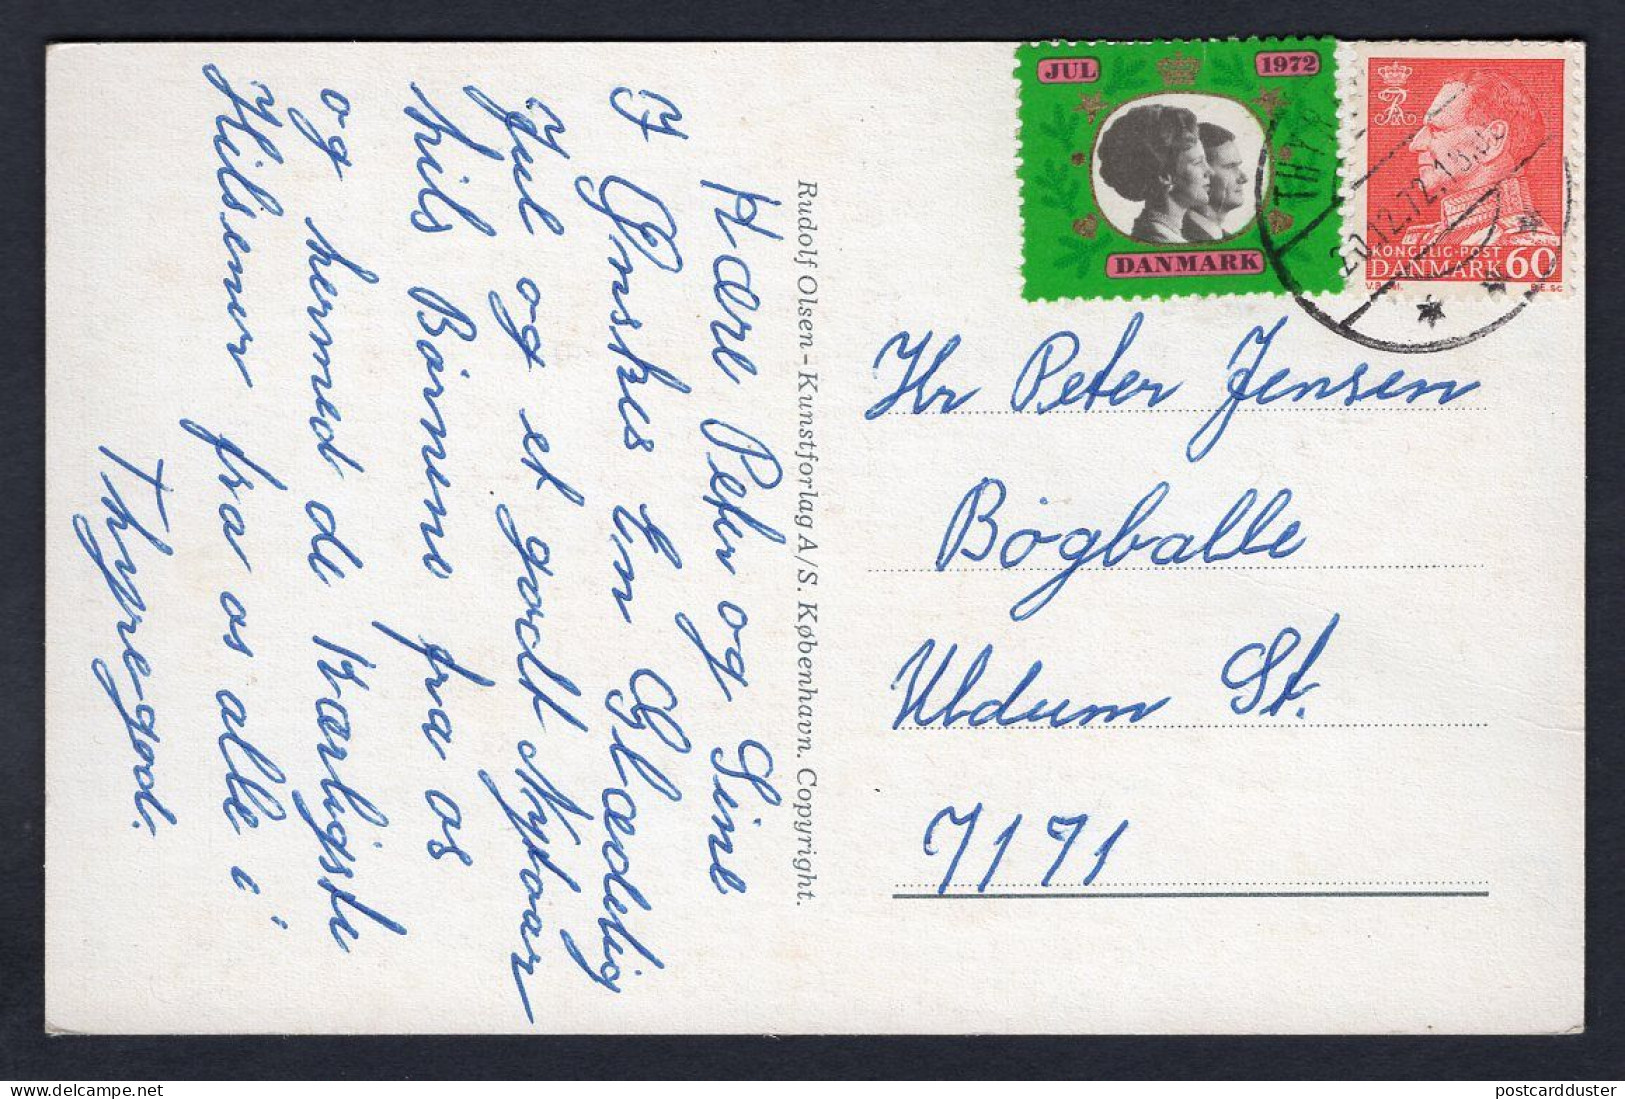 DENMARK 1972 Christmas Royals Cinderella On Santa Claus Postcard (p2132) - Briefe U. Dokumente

※ ※ ※

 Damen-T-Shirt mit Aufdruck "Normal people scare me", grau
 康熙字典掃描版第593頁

※ ※ ※

> [How to complete this task]
Retype exactly the lines of the data above that fall between the line with "Damen-T-Shirt mit Aufdruck" and the line with "康熙字典掃描版第593頁", inclusive, and add nothing.

> [Solution]
 Damen-T-Shirt mit Aufdruck "Normal people scare me", grau
 康熙字典掃描版第593頁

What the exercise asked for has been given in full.